DATA IN THIS EXERCISE START

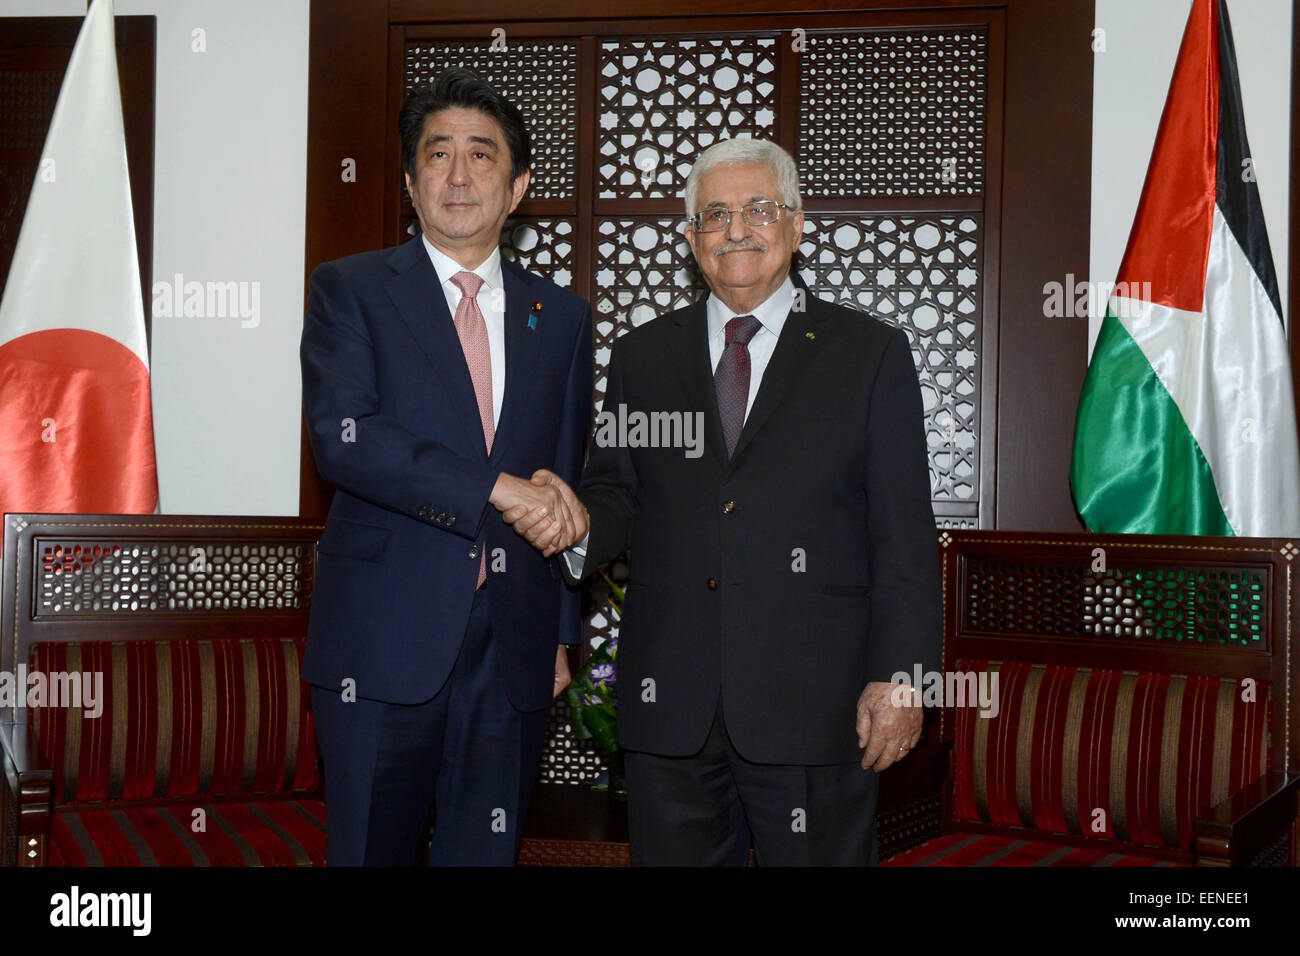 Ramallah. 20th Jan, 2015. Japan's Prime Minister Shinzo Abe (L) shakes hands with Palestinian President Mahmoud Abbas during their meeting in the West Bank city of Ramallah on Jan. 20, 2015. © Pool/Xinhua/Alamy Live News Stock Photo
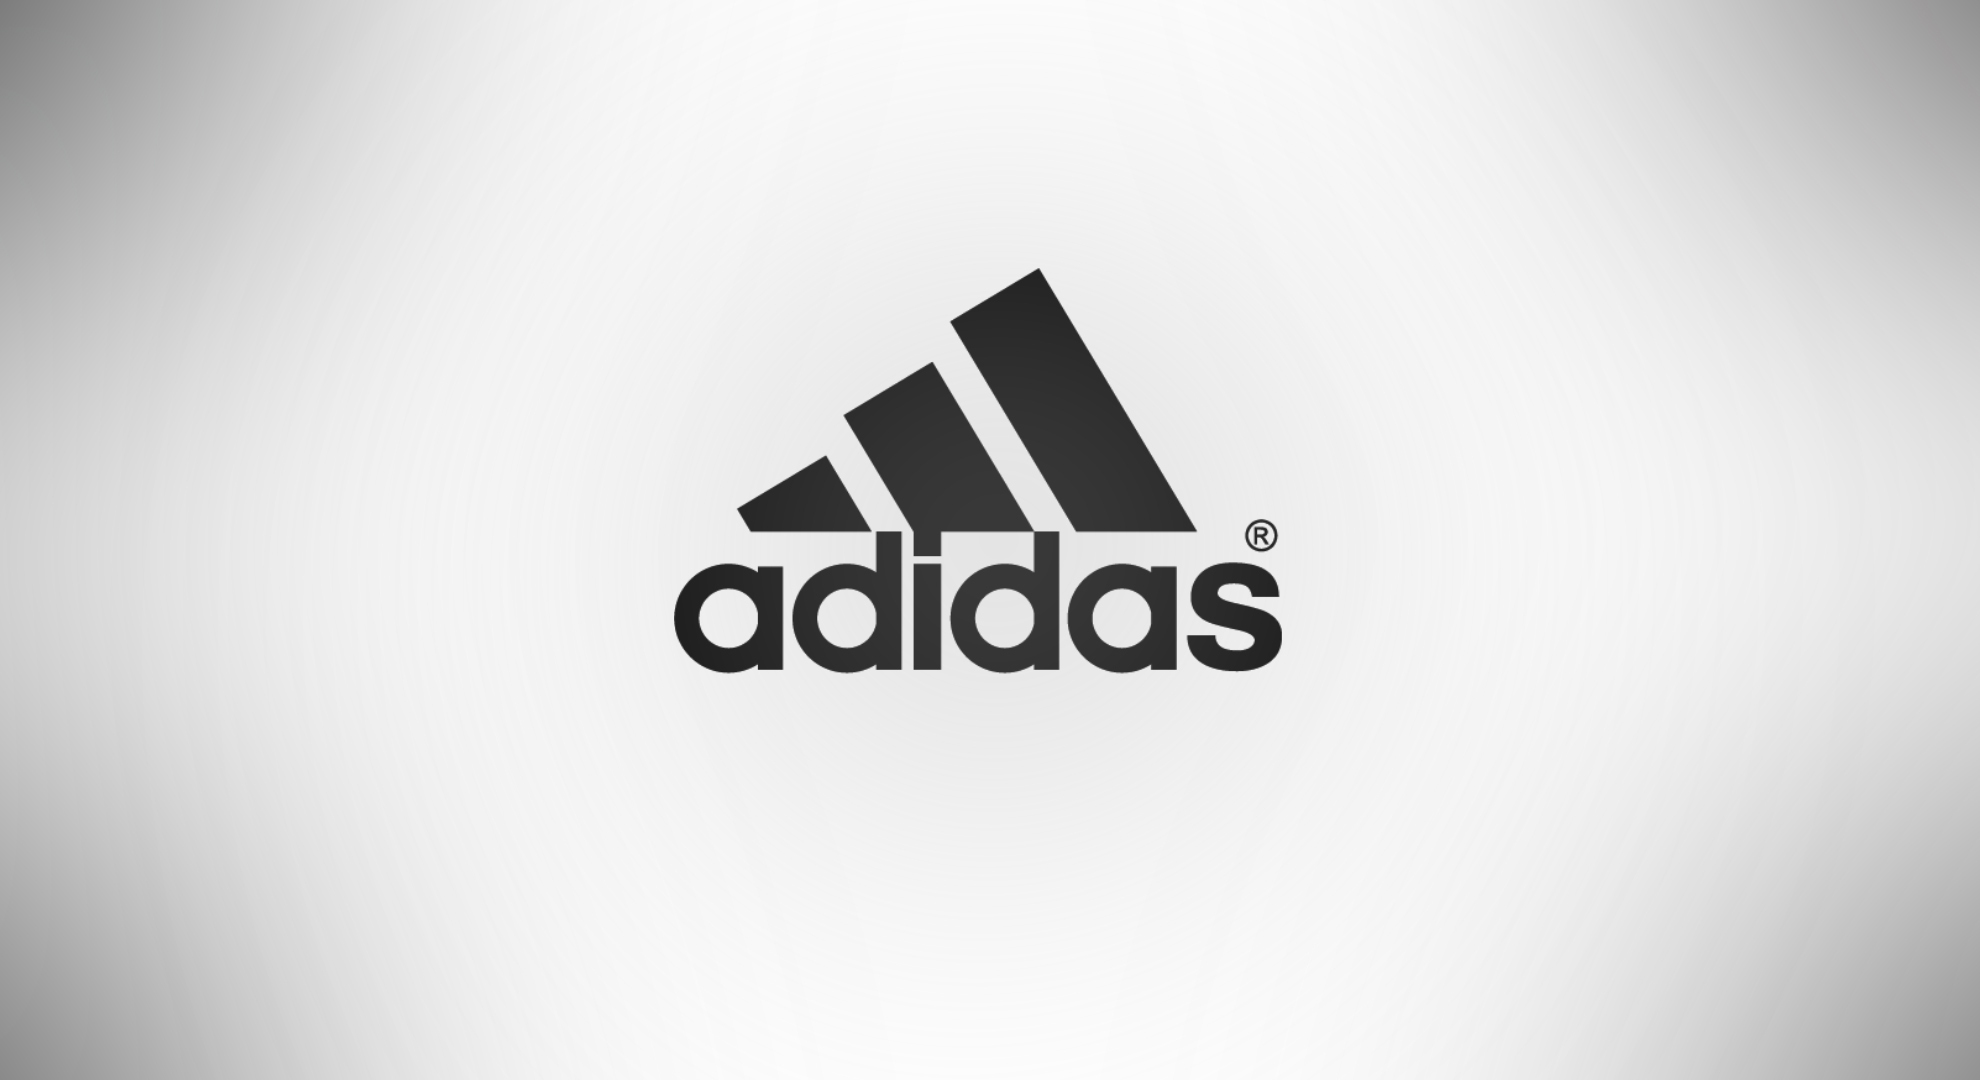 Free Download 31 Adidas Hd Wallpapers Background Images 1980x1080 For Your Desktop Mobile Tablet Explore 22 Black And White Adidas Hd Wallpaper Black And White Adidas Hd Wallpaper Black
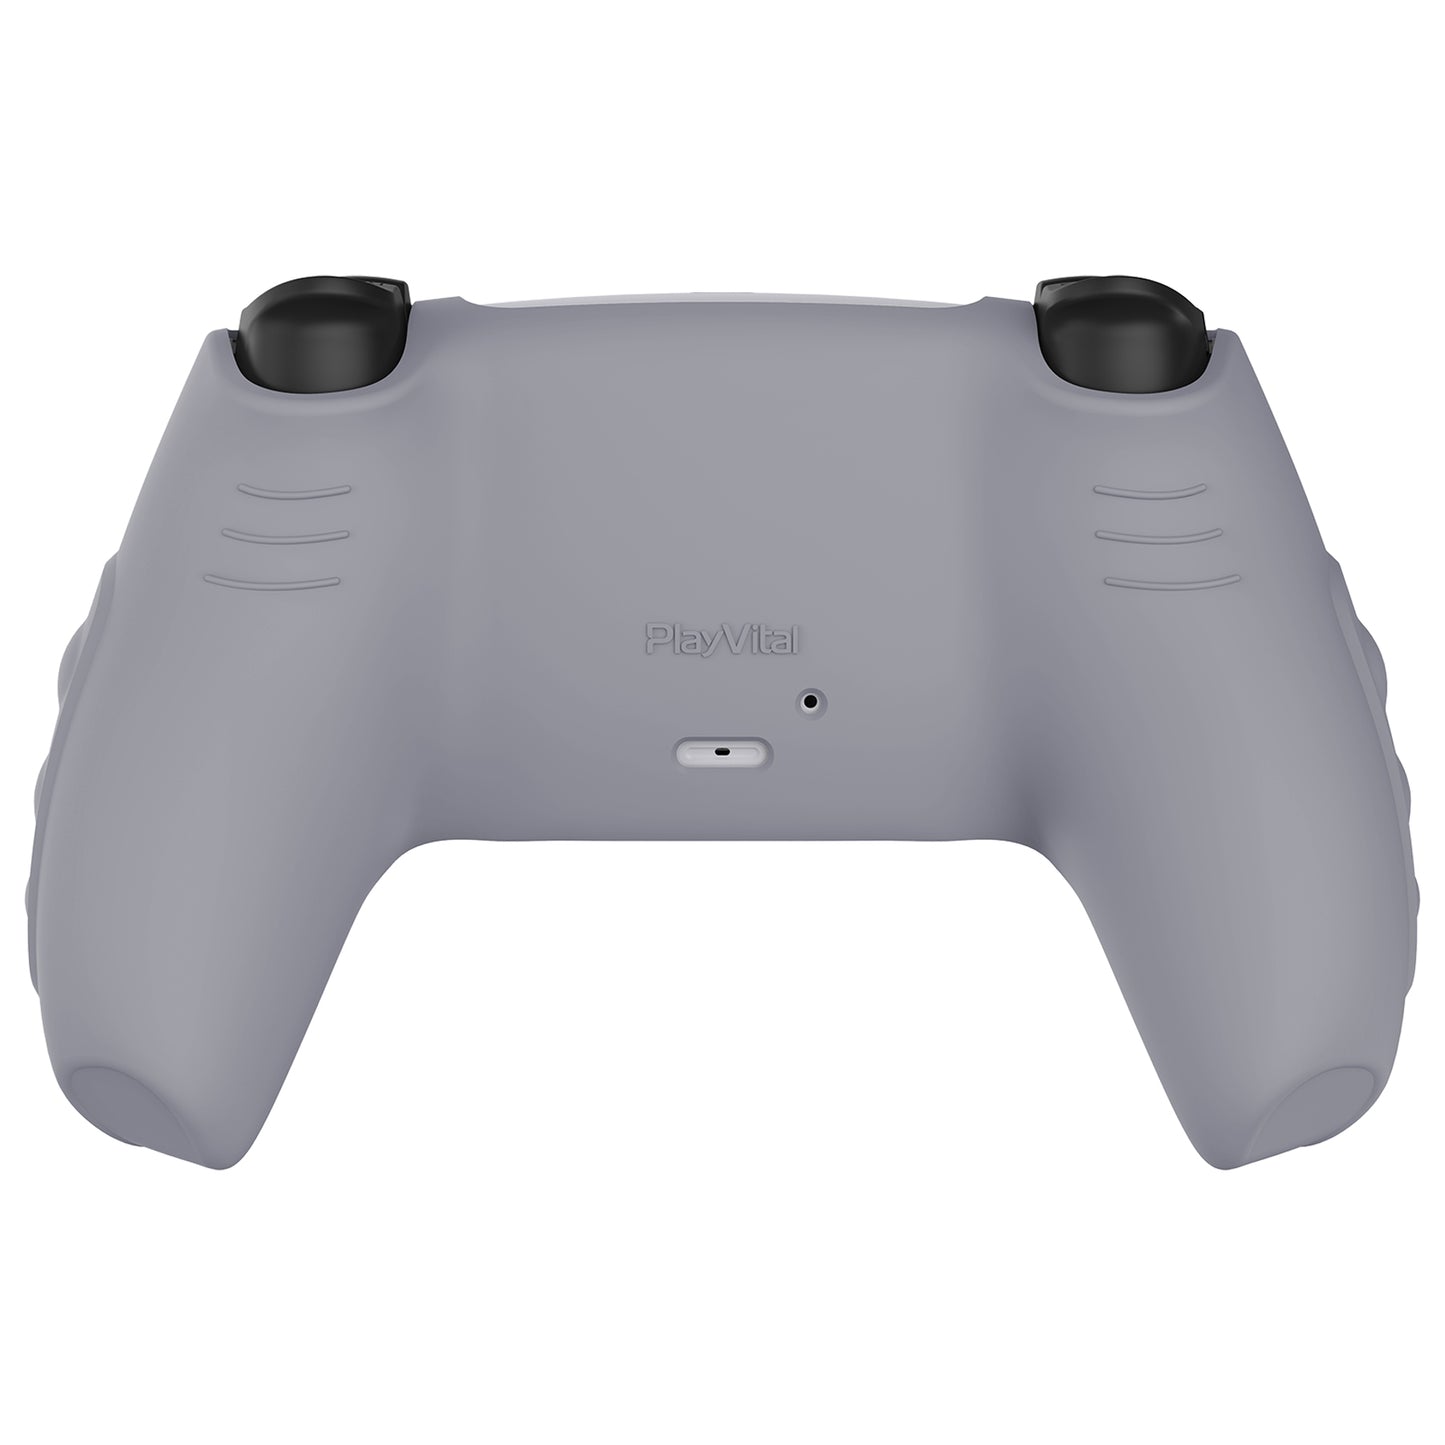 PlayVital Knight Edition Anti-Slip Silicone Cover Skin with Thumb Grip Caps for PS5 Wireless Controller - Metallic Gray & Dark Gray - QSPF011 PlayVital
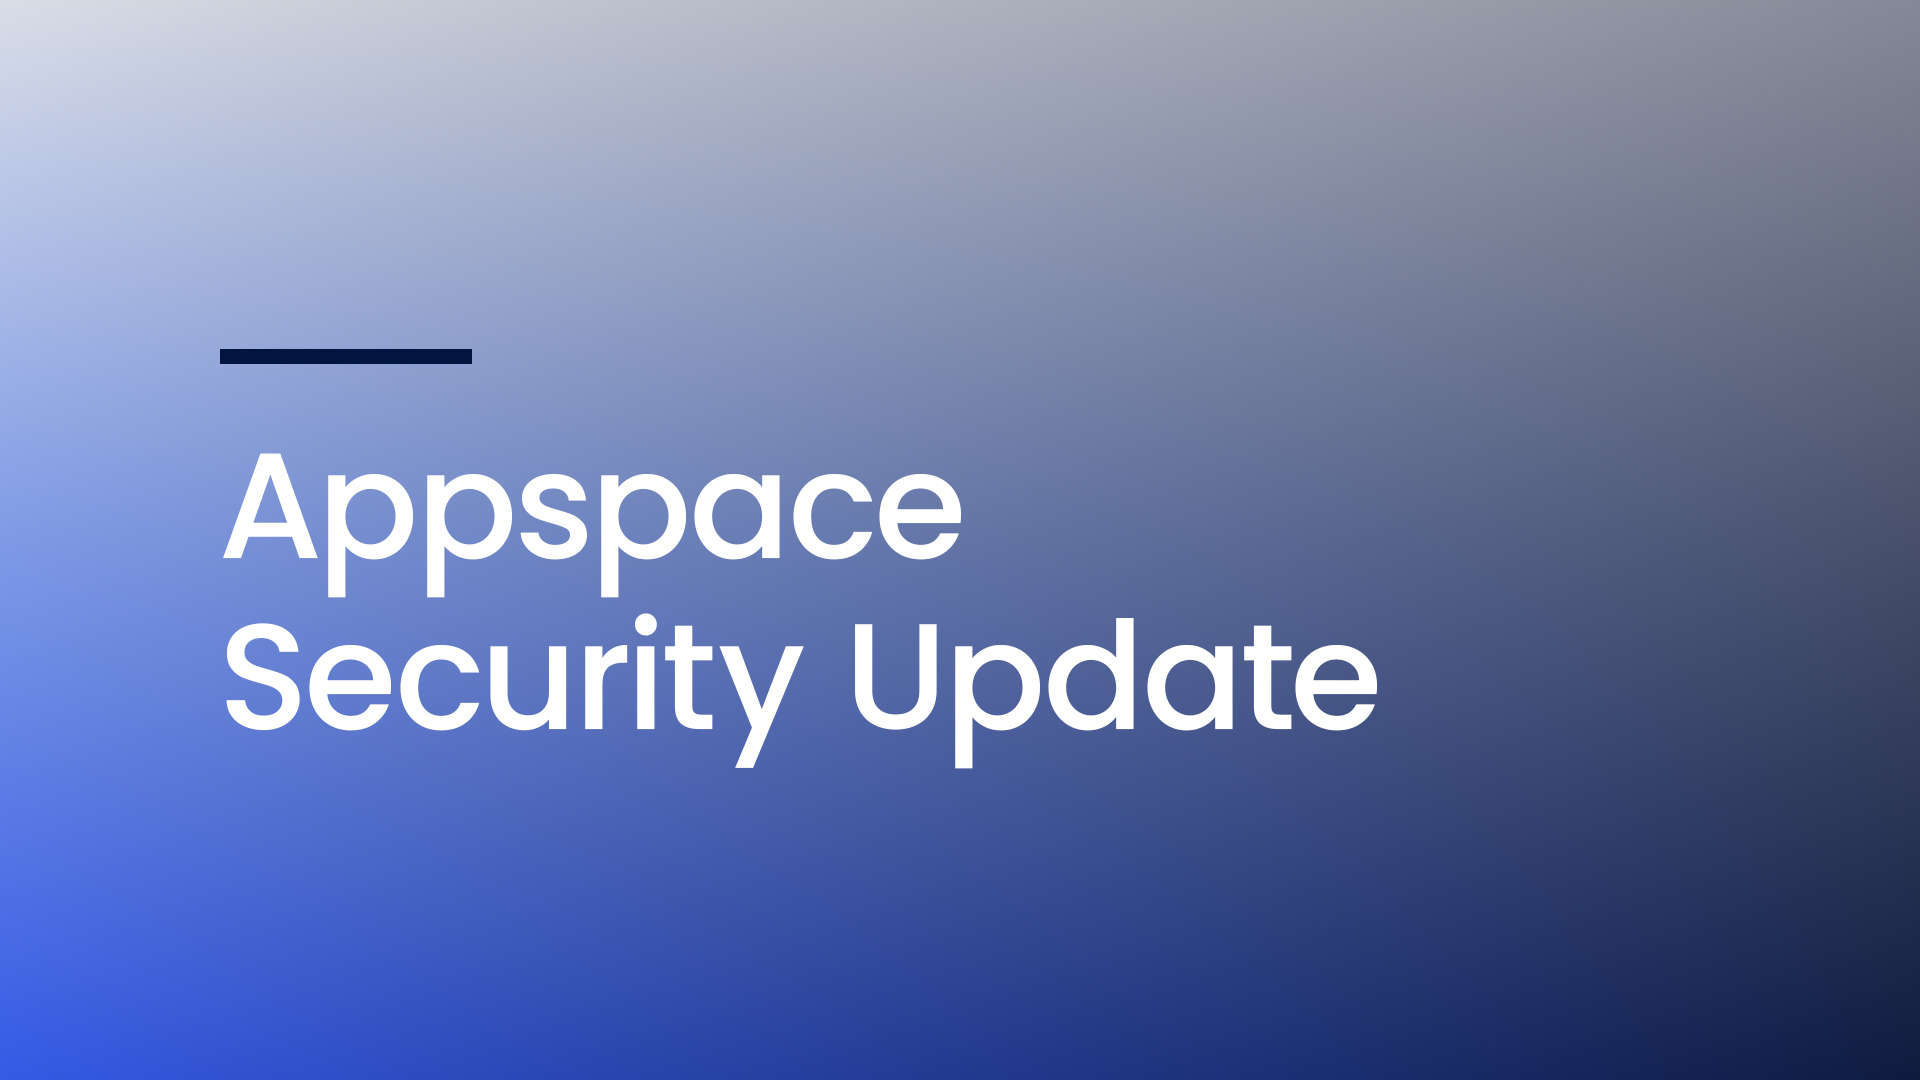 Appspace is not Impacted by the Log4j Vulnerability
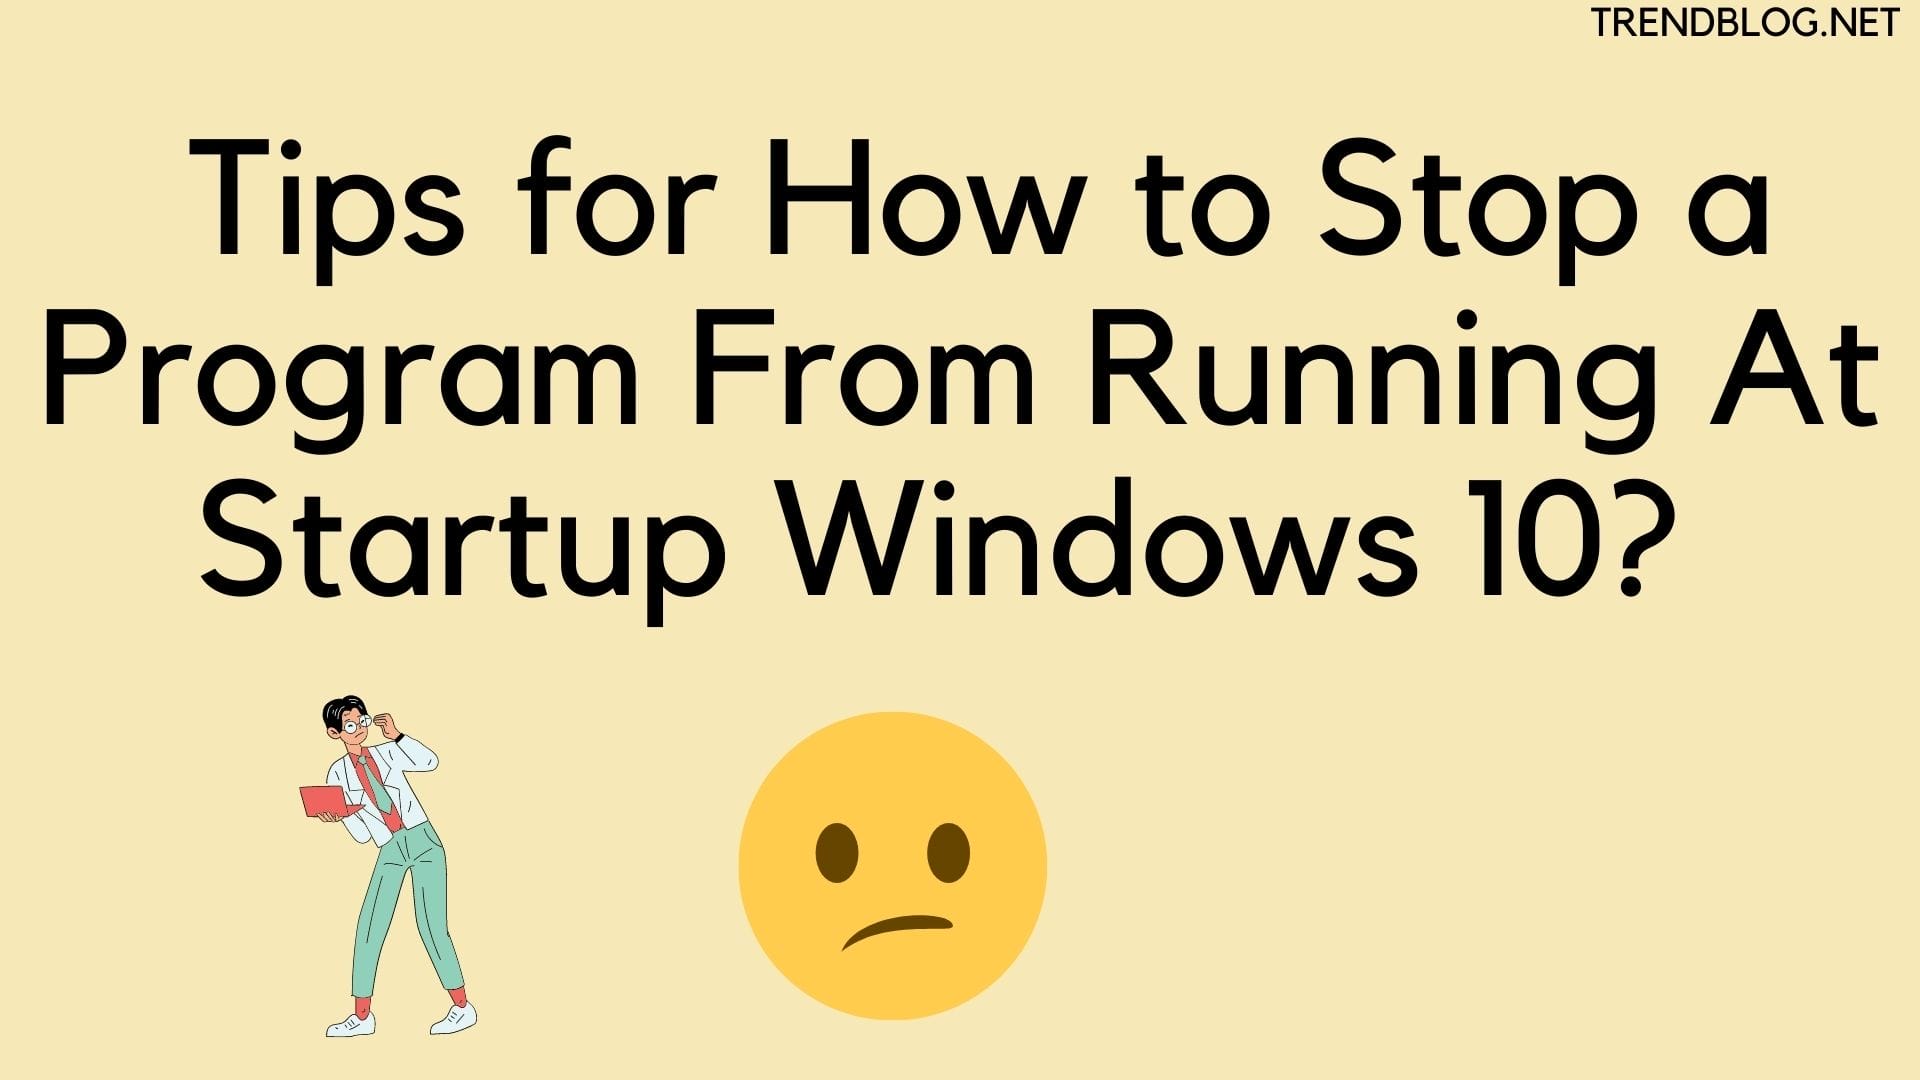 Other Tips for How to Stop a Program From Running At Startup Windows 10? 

DATA IN THIS EXERCISE END

**TASK DESCRIPTION**
Starting from the line containing "PlayVital Knight Edition", repeat each line exactly through the end of the entries, including the last, while leaving pictures out.

**RESPONSE TO THIS TASK**
 PlayVital Knight Edition Anti-Slip Silicone Cover Skin with Thumb Grip Caps for PS5 Wireless Controller - Metallic Gray & Dark Gray - QSPF011 PlayVital
 Appspace is not Impacted by the Log4j Vulnerability
 Other Tips for How to Stop a Program From Running At Startup Windows 10? 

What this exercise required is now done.